$1.8 Billion Bitcoin Options to Expire

It’s the last Friday of the month with $1.8 billion worth of bitcoin options to expire tomorrow on Deribit, a futures and options platform.

That makes it one of the biggest expiries, with $1 billion in intrinsic value at expiration betting bitcoin won’t reach $40,000.

Bitcoin’s current price is $39,700 and just about touched $40,000, with still about 24 hours left to go until these contracts are forced closed.

Most however are betting that bitcoin won’t reach $50,000 by tomorrow with that being the max pain point, a relatively new concept relying on the hypothesis that bitcoin’s price will go to where most people are liquidated.

About $1.8 billion in intrinsic value has placed calls, which is the equivalent of short or sell, at $50,000.

So if bitcoin reaches that point within 24 hours, a lot of people will be rekt for being bear.

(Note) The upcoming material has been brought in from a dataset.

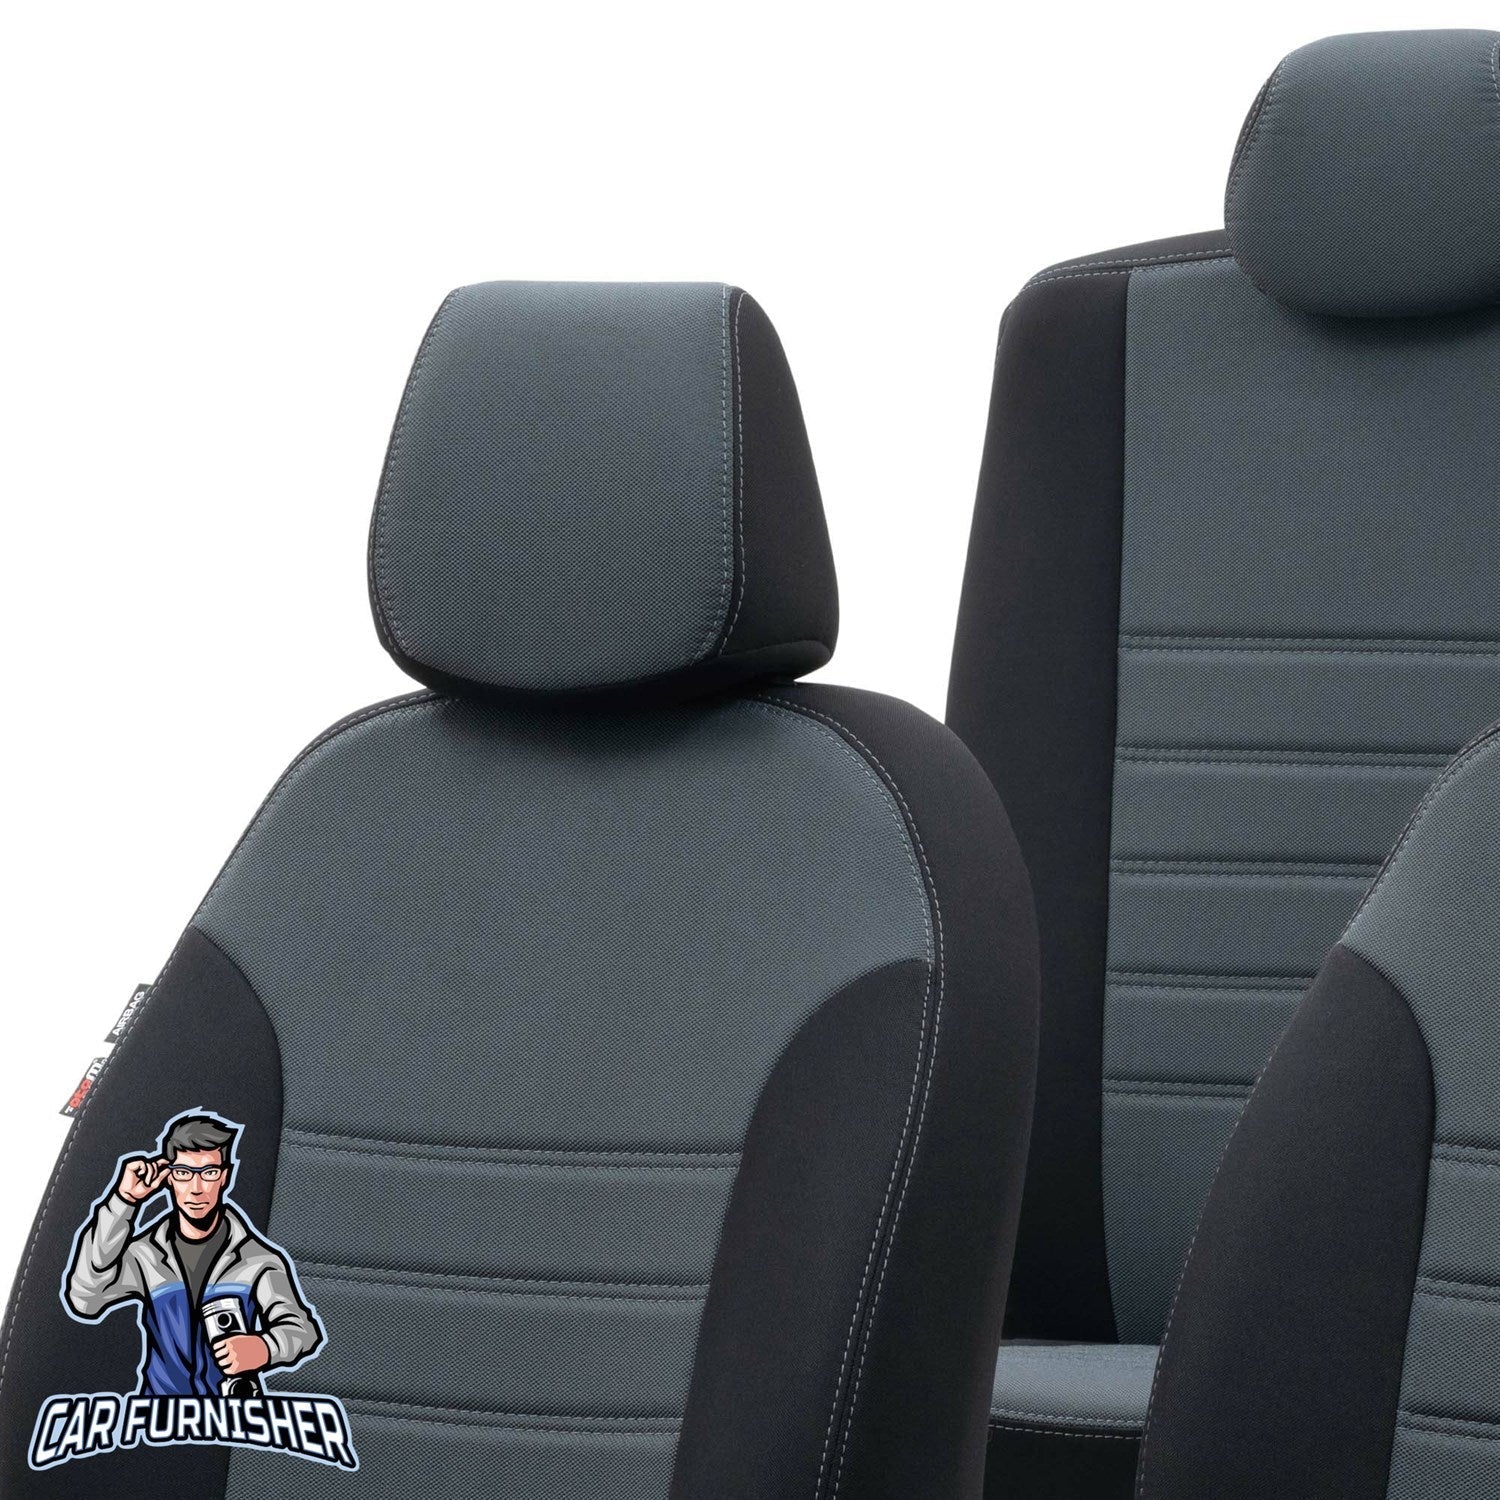 Geely Emgrand Seat Covers Original Jacquard Design Smoked Black Jacquard Fabric

Chances are slim of that happening however as a 10k green candle appears unlikely with the market currently best described as a very very timid bull.

Opinions are split. Bears still cling with their stone heads to bear market forever, praying to Allah or whatever god they have that this goes to $20,000 or for some of them preferably to zero.

Bulls however see a bit of hope primarily because for four days now this hasn’t been falling, but has kind of been rising very littley.

Even Canada, Canada!, bought some yesterday before going back to kind of selling, with Shanghai too buying then selling, in what is clearly a gentle but fierce quiet battle between bulls and bears.

With these options expiring tomorrow, a new round then begins as summer arrives with it to be seen whether it does so with a bang.

That’s because we have a combination of futures and options expiry, a timid bull trying to gain courage, and a three days weekend when Americans can’t play – well the ones relying on snail banking.

So max pain arguably would be a bull run during the weekend with those that sold watching helplessly as the train leaves the station without their fomo on board, kind of like the Europeans did earlier this week.

Alas realistically we might instead get sidewayish but kind of up unless we’re really getting a bear market mid-way without the needed training to buy the dip becoming so ingrained that people stop believing it won’t work when the real bear shows up.